5 Tips for a Professional Voicemail Greeting

Before you read this, stop and listen to the voicemail greetings for your cellphone and business line. Seriously, I’ll wait.

Woman talking on phone professional voicemail greeting

What do you think of your voicemail greeting? Does it sound professional, or is it outdated? Even worse, is it a computerized voice with a default message? (Ew.)

For many of us, our professional voicemail greeting is a crucial first impression. For others, it might be something that our clients and partners hear over and over again. An unprofessional voicemail greeting reflects poorly on you, and while it’s easy to overlook, it’s just as easy to fix.

Here are five tips for a professional voicemail greeting:

  • Script it out beforehand.
  • Make sure information is specific and up-to-date.
  • Keep it short.
  • Use a quality recording.
  • Smile when you speak.

Script your voicemail message

Put some thought into your message before you hit “record.” It takes very little time to write a script for yourself to read as you record your greeting. Reading off a script eliminates unnecessary pauses, “ums” and “ahs.”

Writing a script doesn’t mean you have to write a speech. A simple greeting is fine, like this sample voicemail message:

“You’ve reached the voicemail of Dew Tinnin. I’m sorry I missed your call.
Please leave a message, and I’ll get back to you as soon as I can.”

Of course, yours may need more details. But, even if you’re changing your outgoing message every day, it should only be a slight variation from a standard greeting.

Make sure information is specific and up-to-date

State your name clearly so the caller knows they have the right number. 3 of the messages I heard last month were missing his/her name.

If you only check and return messages once a day or once a week, let your caller know. This will avoid multiple messages by the same caller.

Don’t include the date unless it’s completely necessary. 16 of the messages I heard last month had the wrong date—one of the messages had a date over 2 months old!

If you’re working remotely now, but your mobile number isn’t on your business cards, add your mobile number to your business line’s voicemail message! If you’re worried that people will start calling your cellphone at all hours of the night – they won’t. They’ll treat it just with just as much respect as your business line.

Keep it short

Your message should be 20 seconds at most. Remember, your clients or co-workers may listen to this dozens of times.

Leave out excuses like “I’m probably with a client right now” or “I’m unable to answer the phone right now” – it’s obvious you can’t answer your phone if a caller is listening to your voicemail greeting!
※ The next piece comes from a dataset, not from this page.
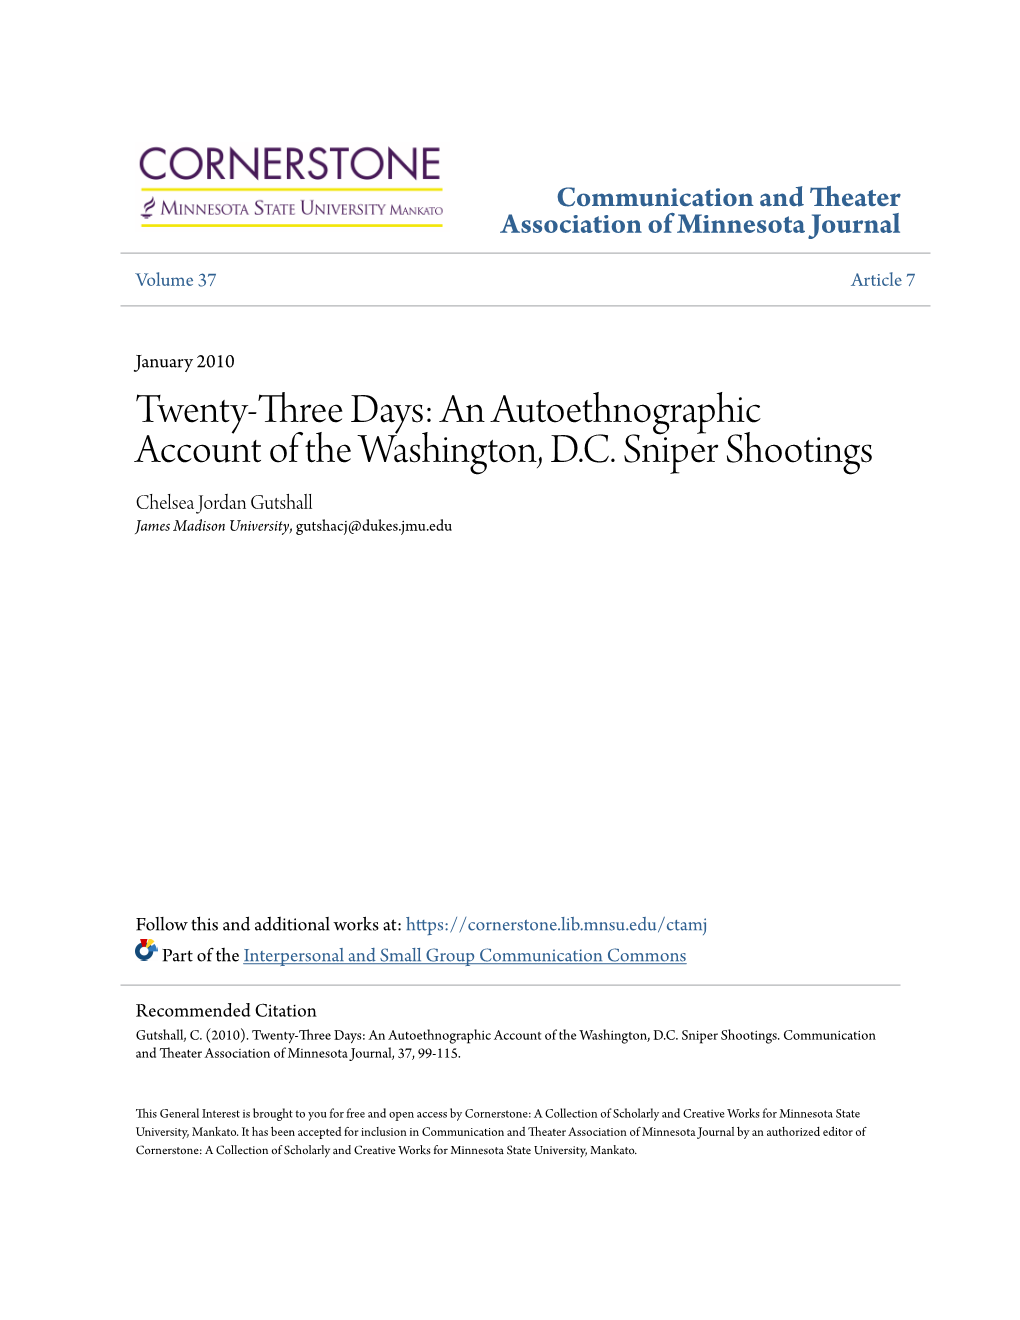 An Autoethnographic Account of the Washington, DC Sniper Shootings

Try to avoid unnecessary phrases that only make your greeting longer, like “leave your name and number and what you’re calling about.” Most people know what “leave a message” means.

Use a quality recording

The phone you use to record your greeting – and your surrounding – can turn your carefully scripted greeting into an unprofessional mess. Background noise is terribly distracting, so choose a quiet room or parked car to make your call. Landlines, or a “wi-fi enabled” cellphone call, can provide much better connection quality than a standard cellphone. If you must use a cell phone, be sure to use a high-quality headset for the best clarity.

Smile when you speak

It’s a scientific fact: Your smile can be heard in your voice.

And here’s a bonus tip

If you have an assistant, include their name and contact information in your greeting. If you have a hard time delegating tasks, this is an excellent way to start building it into your processes.

Remember, your message is a reflection of you. Keep it short, professional and ALWAYS return messages.